4 In line with the Court’s ruling in People v. Cabalquinto, G.R. No. 167693, September 19, 2006, 502 SCRA 419, 425-426, the real name of the rape victim in this case is withheld and instead fictitious initials are used to represent her. Also, the personal circumstances of the victim or any other information tending to establish or compromise her identity, as well as those of her immediate family or household members will likewise be withheld; See also Resolution dated September 19, 2006 in A.M. No. 04-11-09-SC.

5 CA rollo, p. 32.

6 An Act Prohibiting the Imposition of Death Penalty in the Philippines, approved on June 24, 2006.

7 Rollo, p. 19.

8 Id. at 28.

9 CA rollo, p. 58.

10 Id. at 61.

11 Id. at 61-62.

12 Id. at 62-63.

13 Id. at 95-97.

14 Id. at 117.

15 People v. Suyu, G.R. No. 170191, August 16, 2006, 499 SCRA 177, 202-203.

16 Rollo, p. 8.

17 SEC. 36. Objection.—Objection to evidence offered orally must be made immediately after the offer is made.
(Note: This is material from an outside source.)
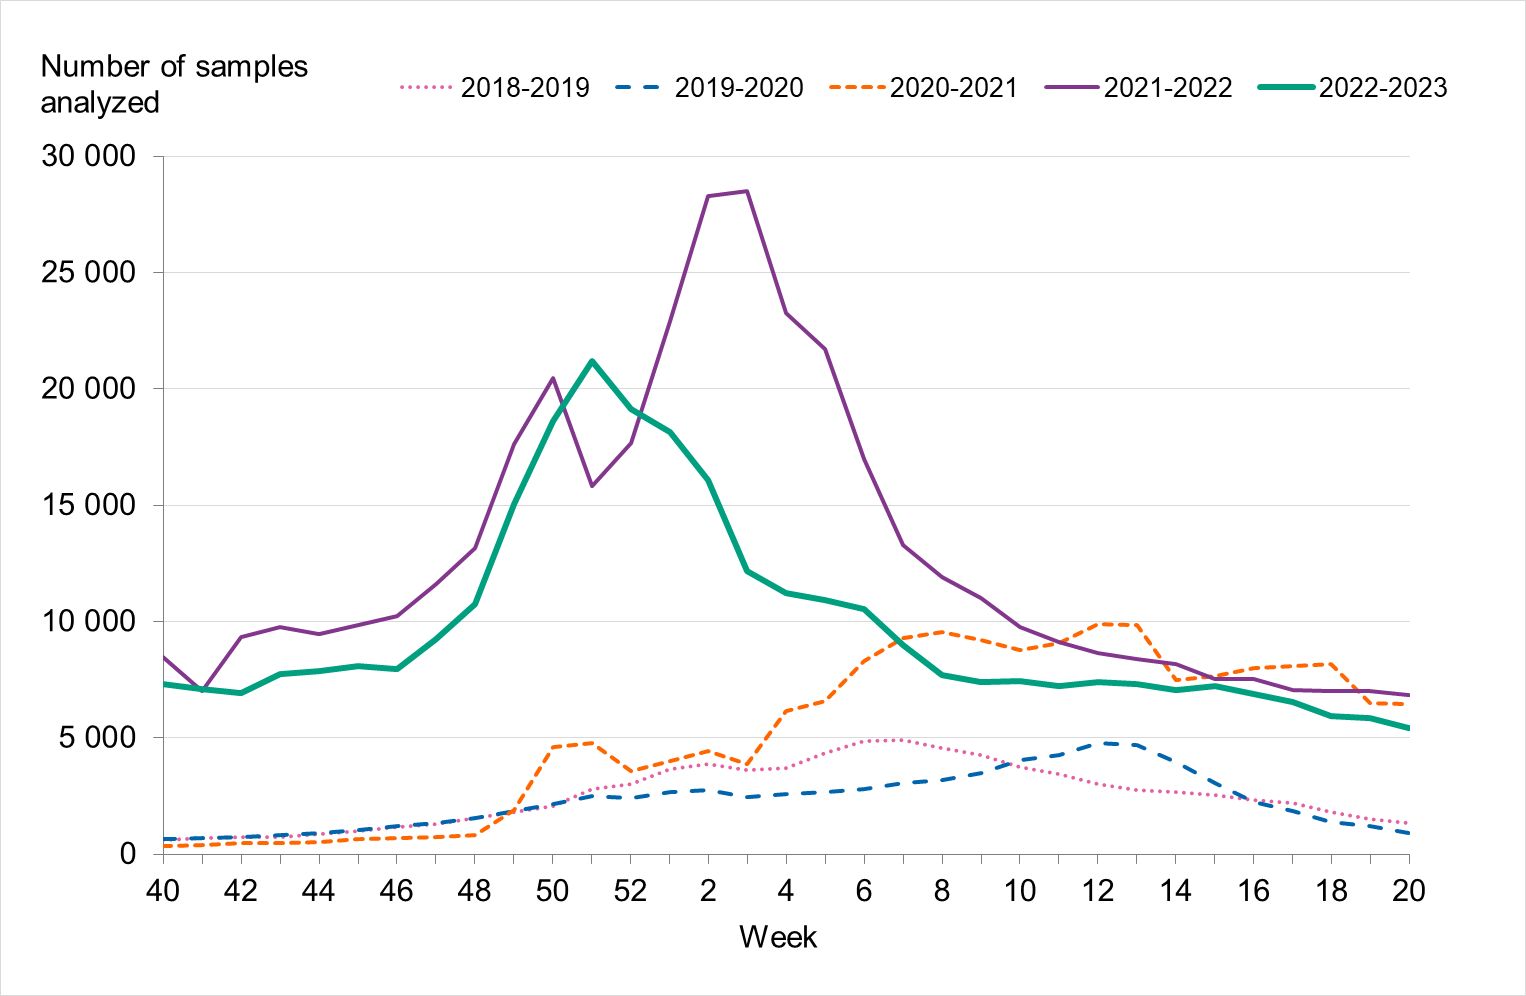 Testing per week was much higher during 2021-2022 and 2022-2023 than before the pandemic.

Objection to a question propounded in the course of the oral examination of a witness shall be made as soon as the grounds therefor shall become reasonably apparent.

x x x x

18 Heirs of Marcelino Doronio v. Heirs of Fortunato Doronio, G.R. No. 169454, December 27, 2007, 541 SCRA 479, 494.

19 Rollo, pp. 16-17.

20 People v. Verceles, G.R. No. 130650, September 10, 2002, 388 SCRA 515, 523.

21 People v. Bracero, G.R. No. 139529, July 31, 2001, 362 SCRA 184, 200-201.

22 An Act to Provide for an Indeterminate Sentence and Parole for All Persons Convicted of certain Crimes by the Courts of the Philippine Islands; To Create a Board of Indeterminate Sentence and to Provide Funds Therefor; and for Other Purposes (Act No. 4103, as amended), approved and effective on December 5, 1933.

23 People v. Jabiniao, Jr., G.R. No. 179499, April 30, 2008, 553 SCRA 769, 788.